-- DATASET CONTENT follows --

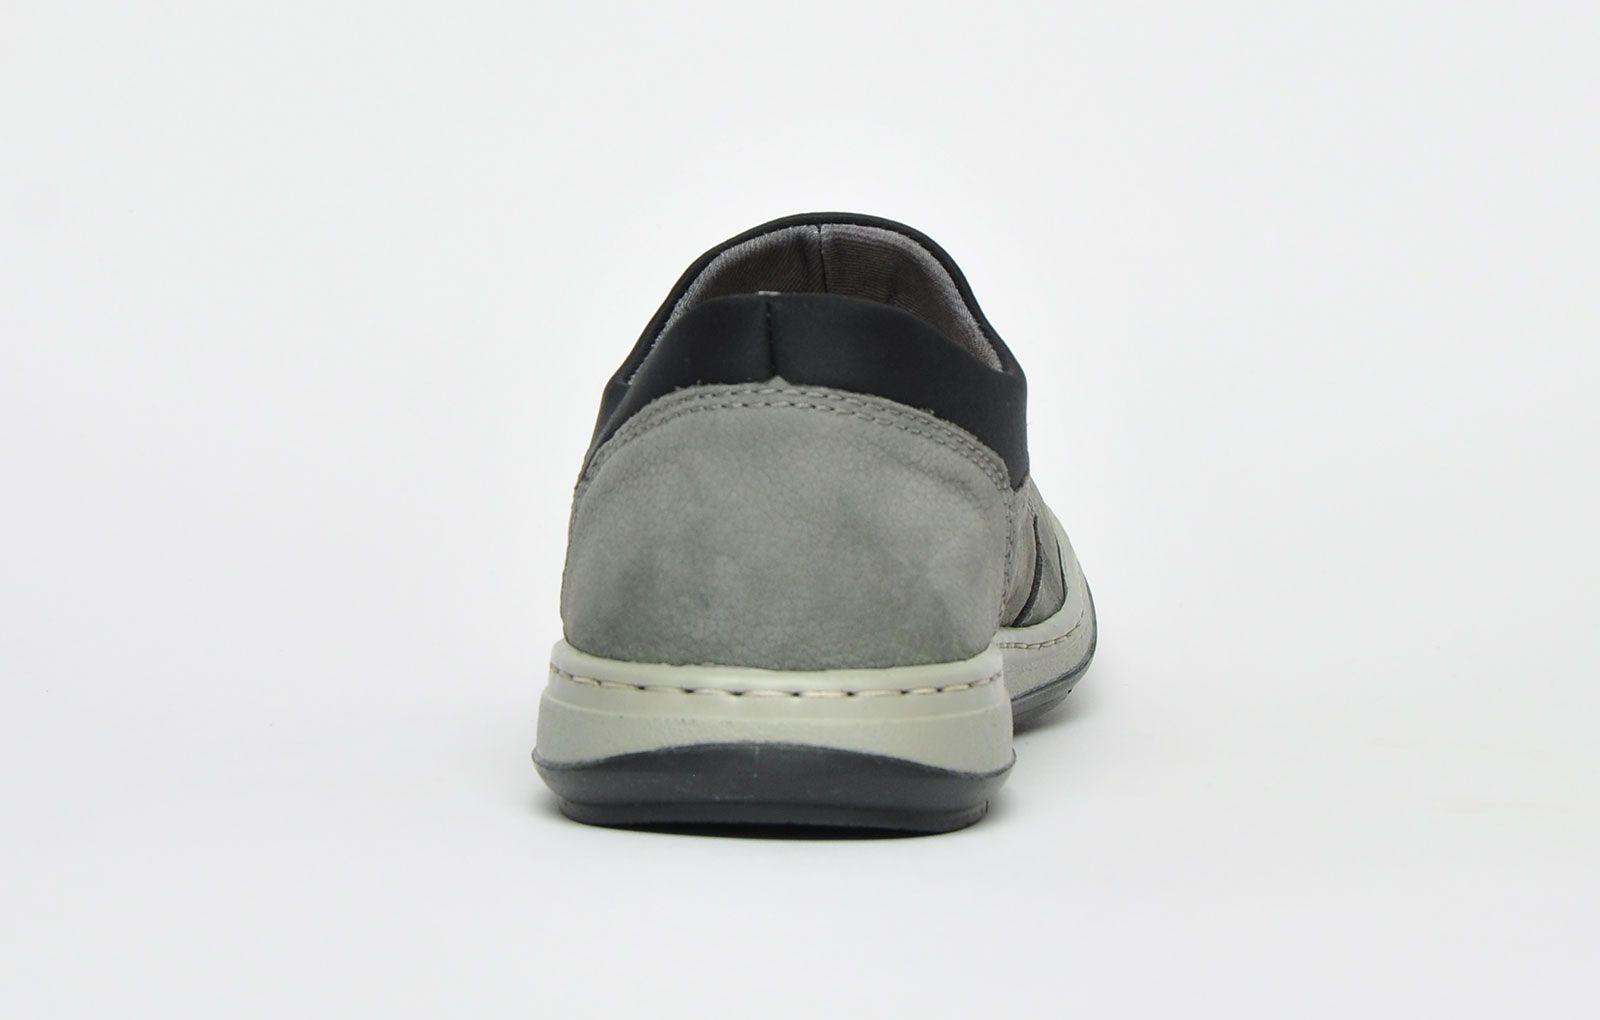 Rieker Comfort Slip On Mens Wide Fit
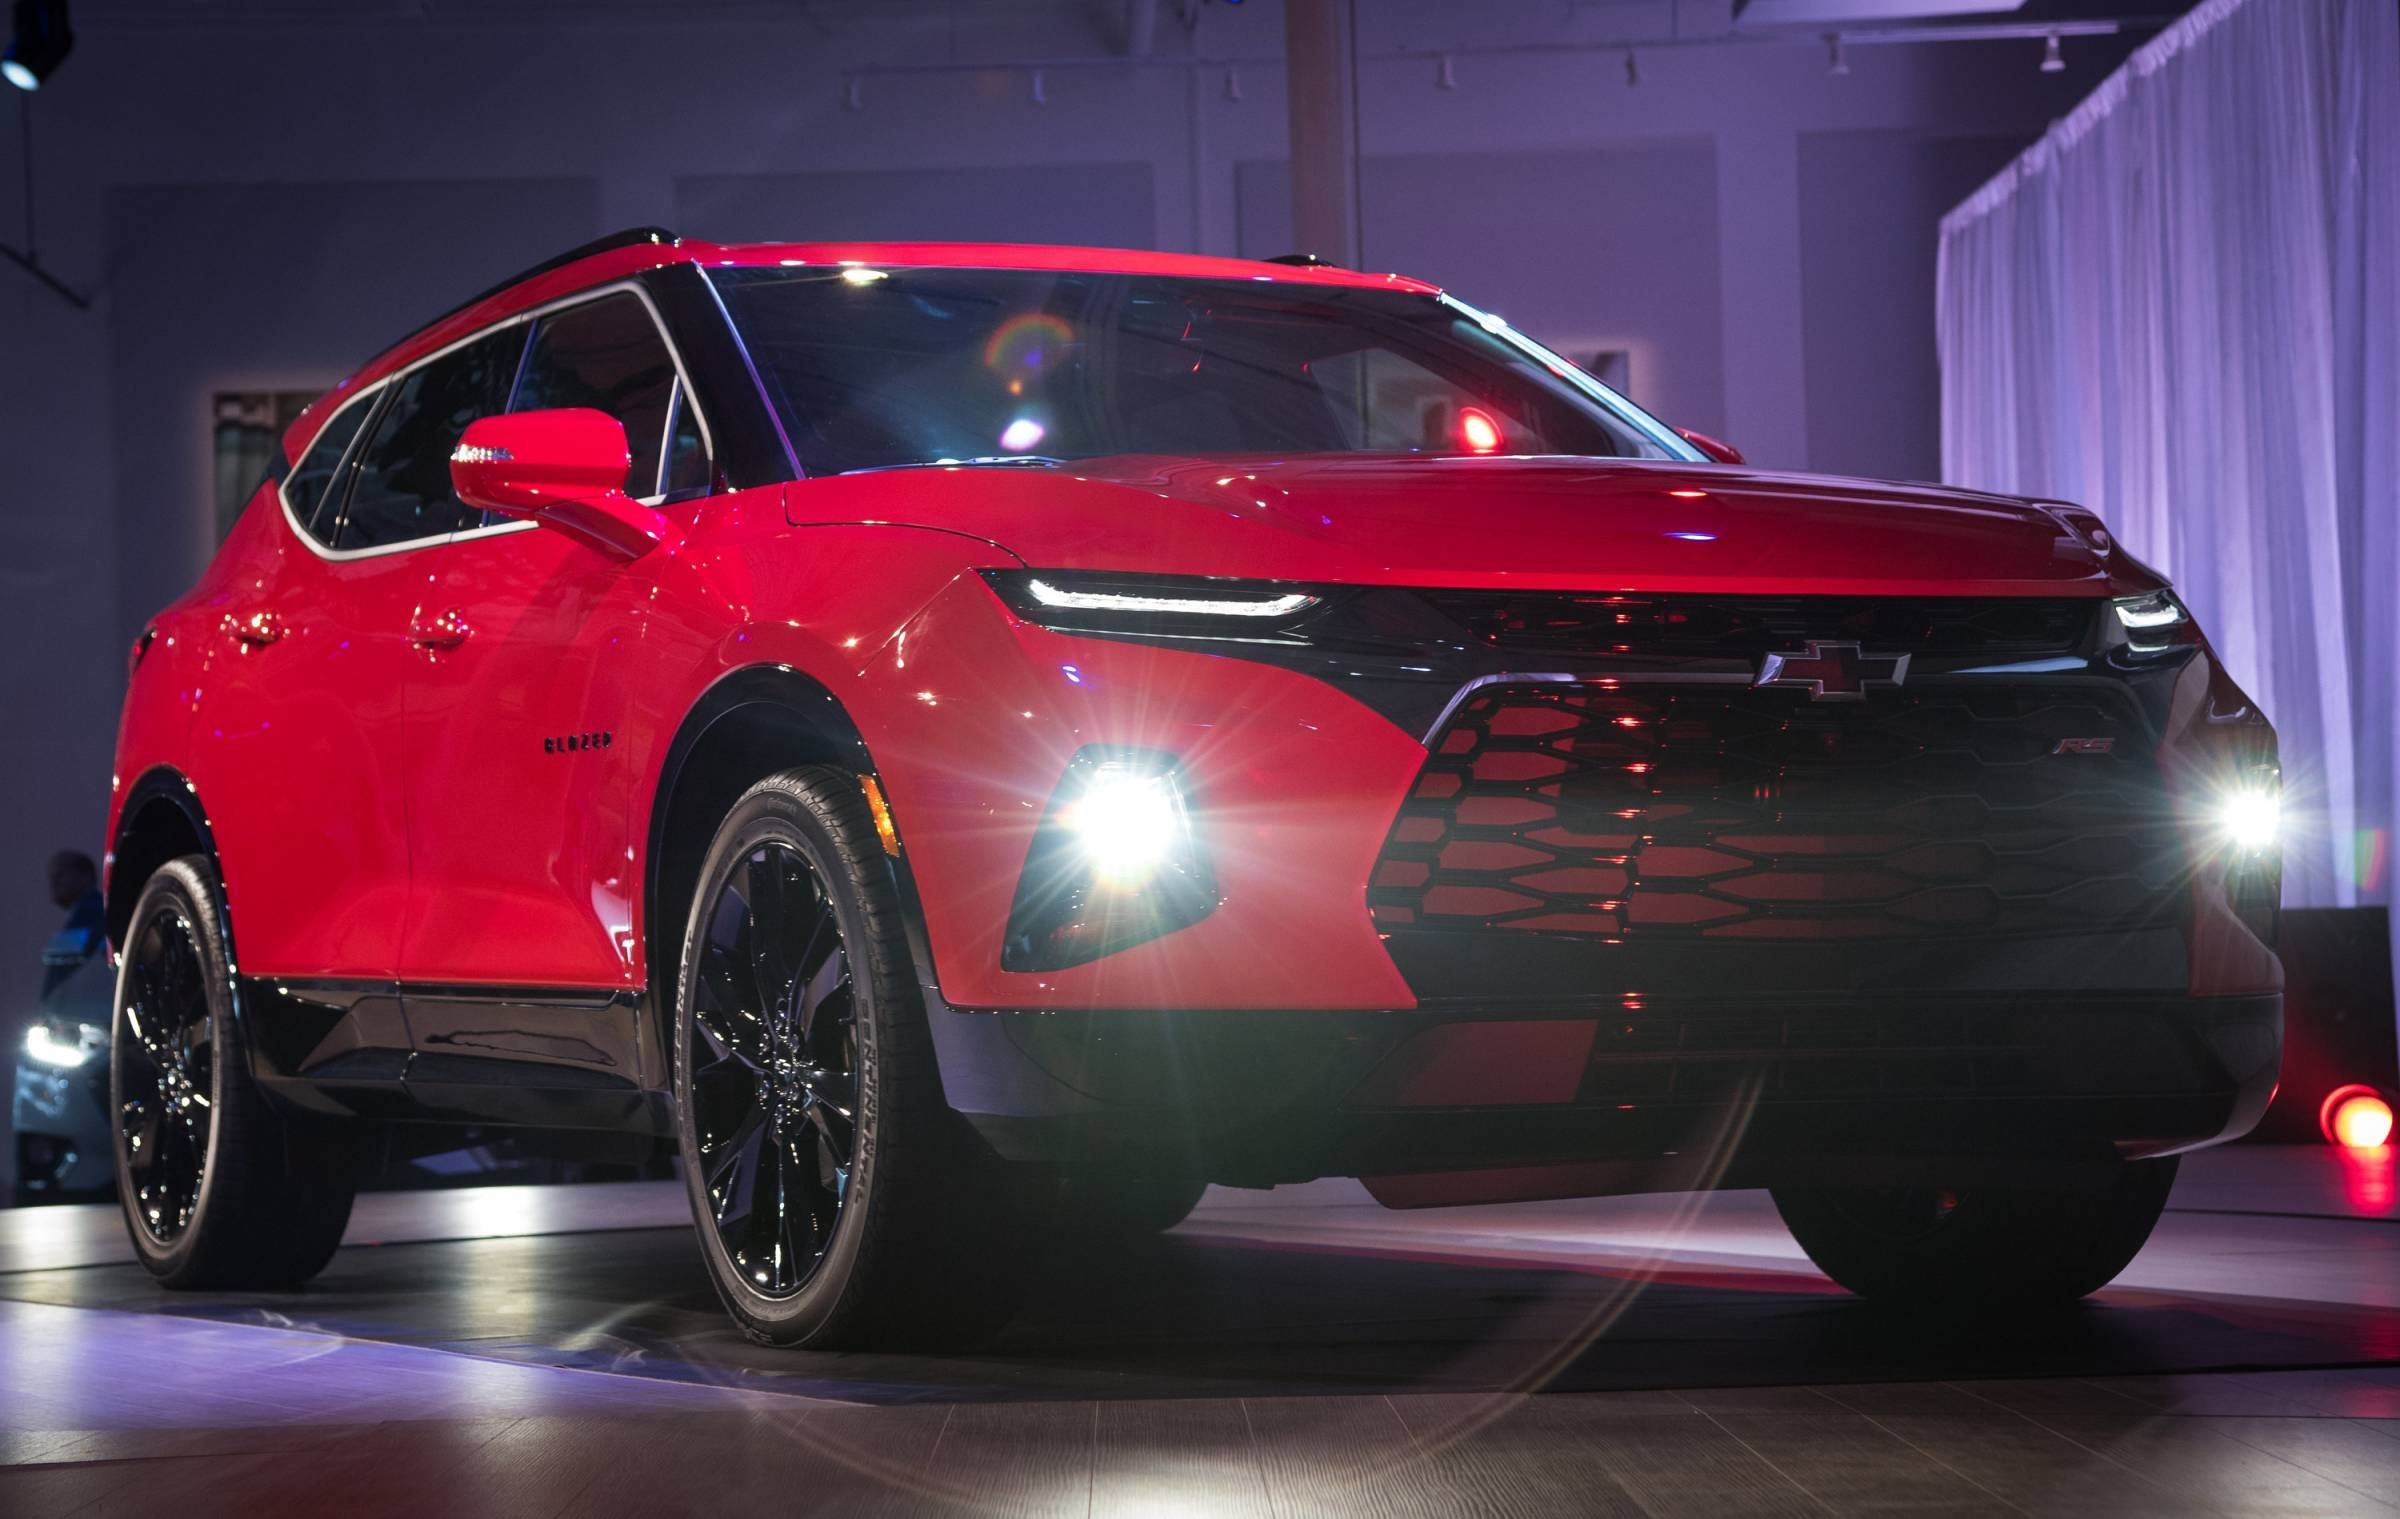 2021 Lexus Rx 350 F Sport Suv New Concept In 2020 Chevrolet Blazer Chevrolet Trailblazer Chevrolet
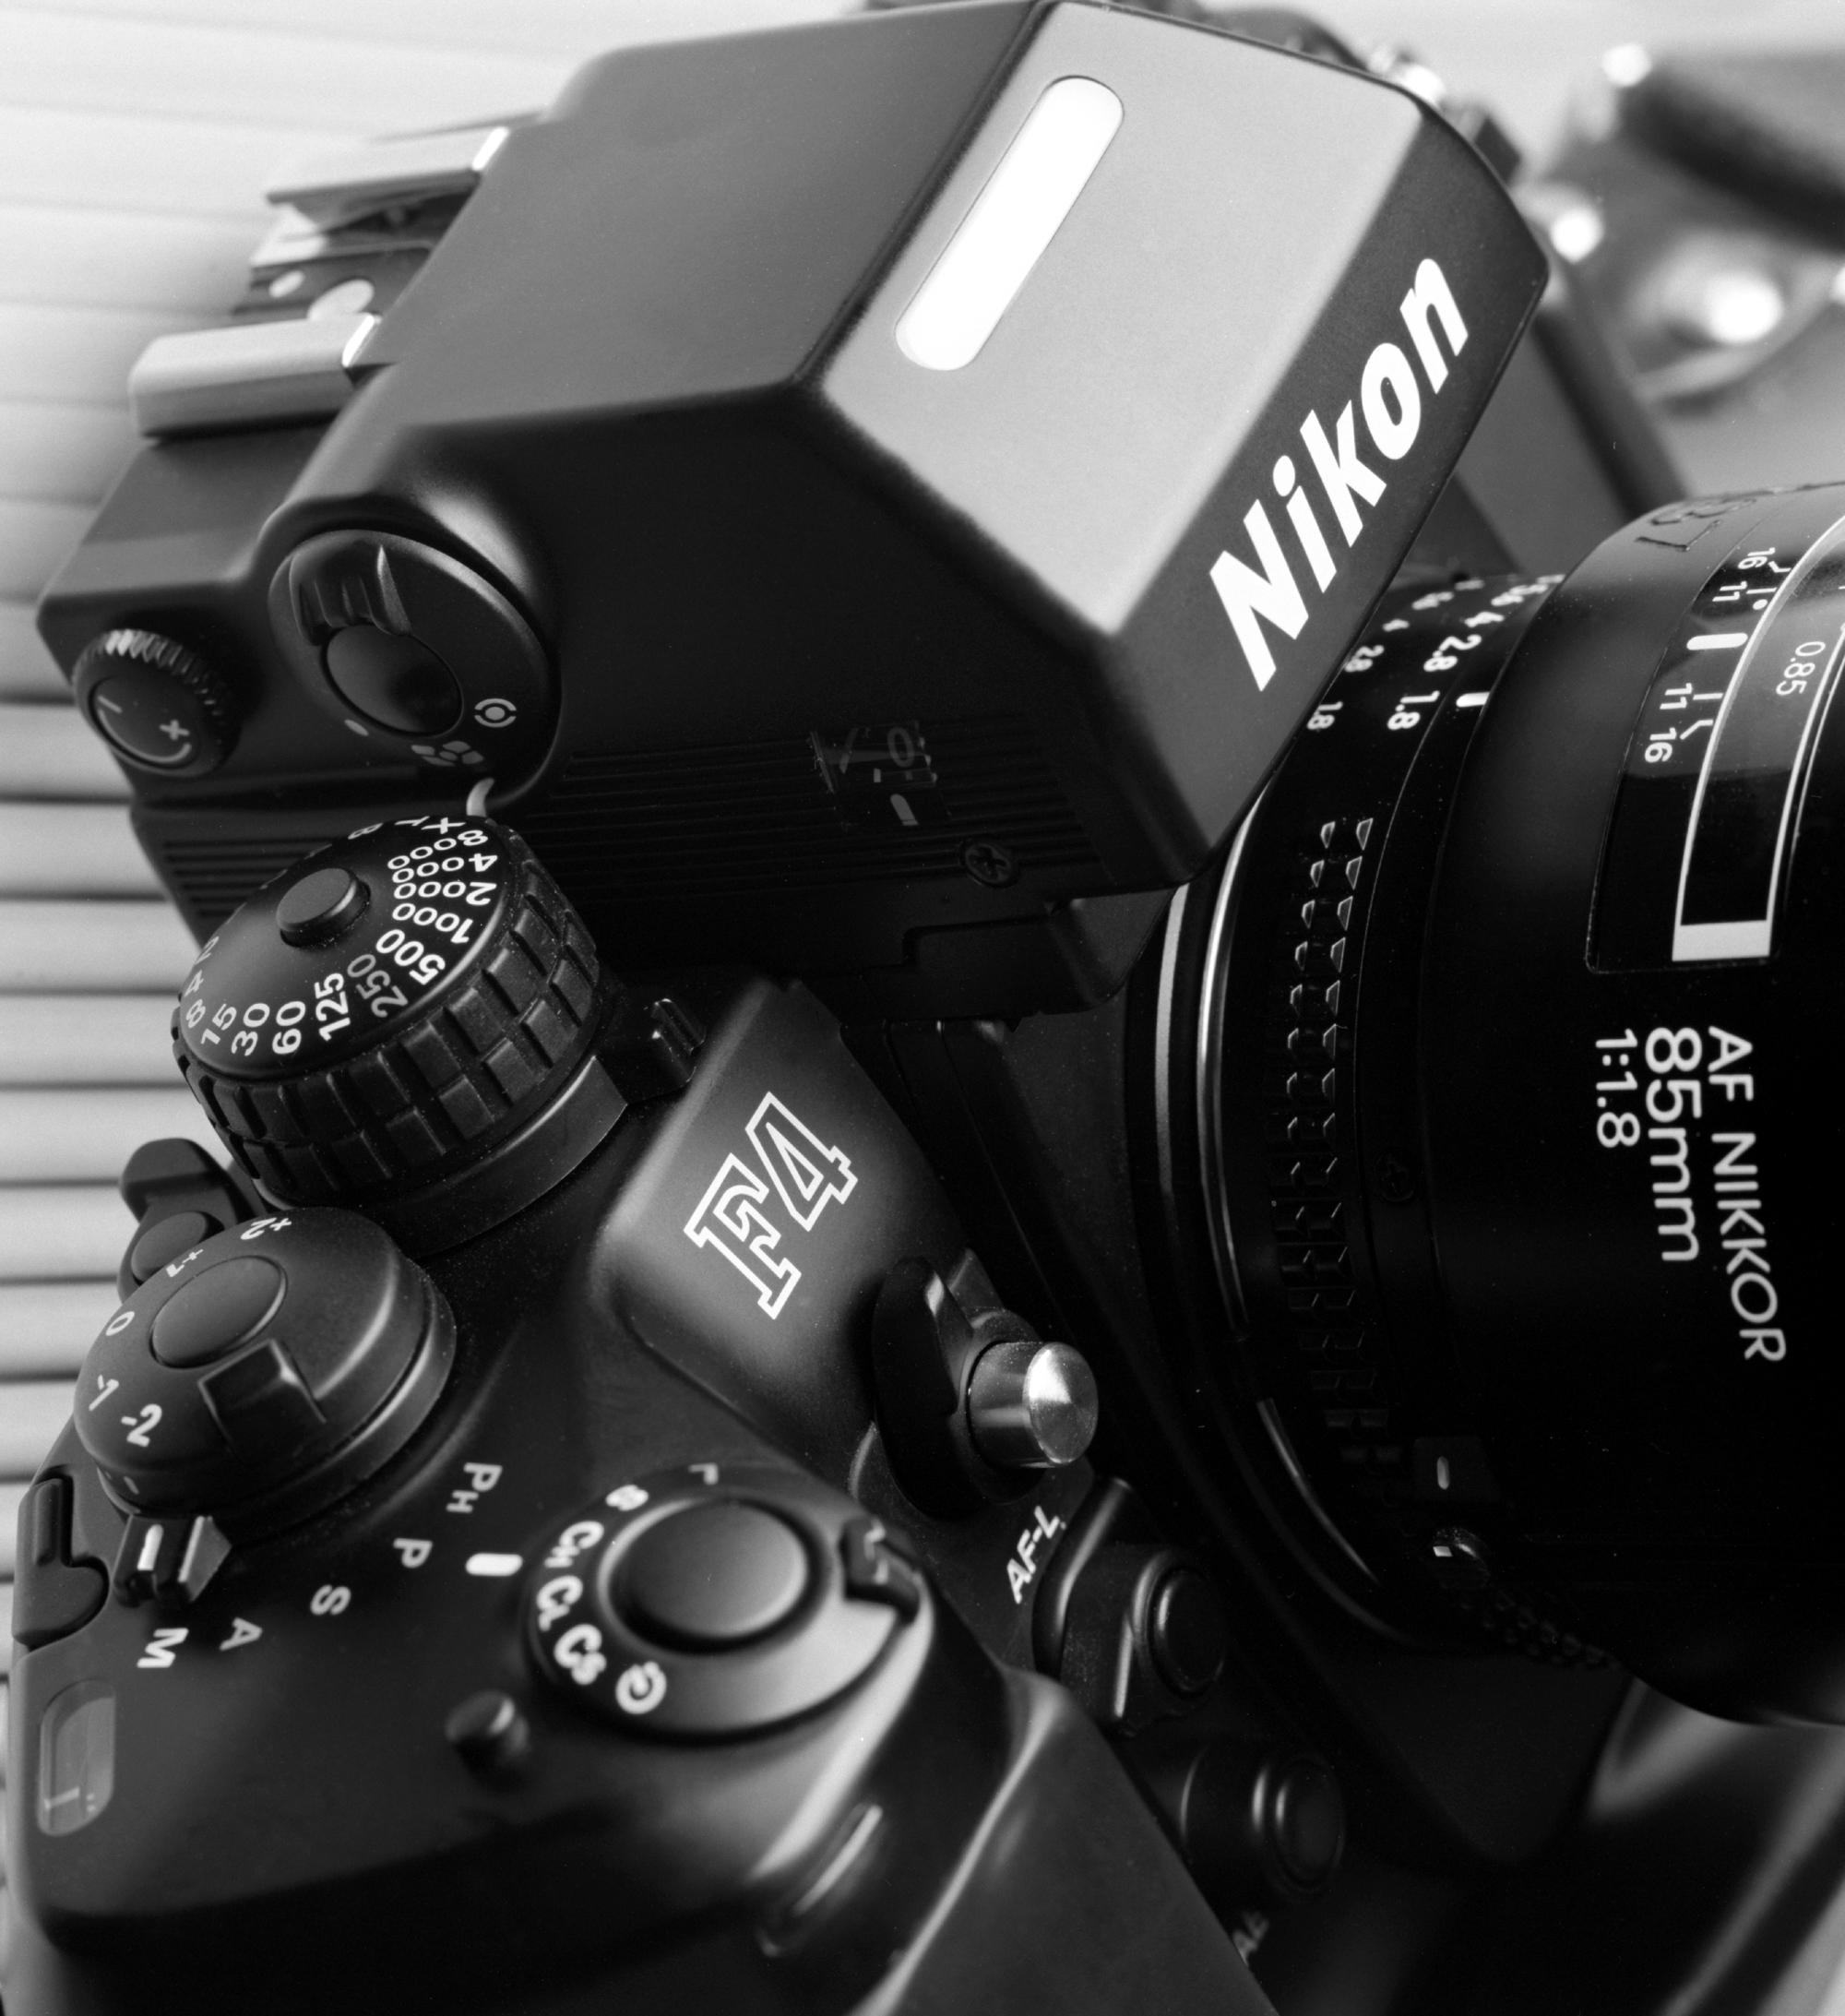 Nikon F4 by BBisset in Regular Member Gallery

-- DATASET CONTENT concluded --

- WORK ORDER -
Pictures aside, reproduce all of the data exactly.

- ANSWER TO THE EXERCISE -
 Rieker Comfort Slip On Mens Wide Fit
 2021 Lexus Rx 350 F Sport Suv New Concept In 2020 Chevrolet Blazer Chevrolet Trailblazer Chevrolet
 Nikon F4 by BBisset in Regular Member Gallery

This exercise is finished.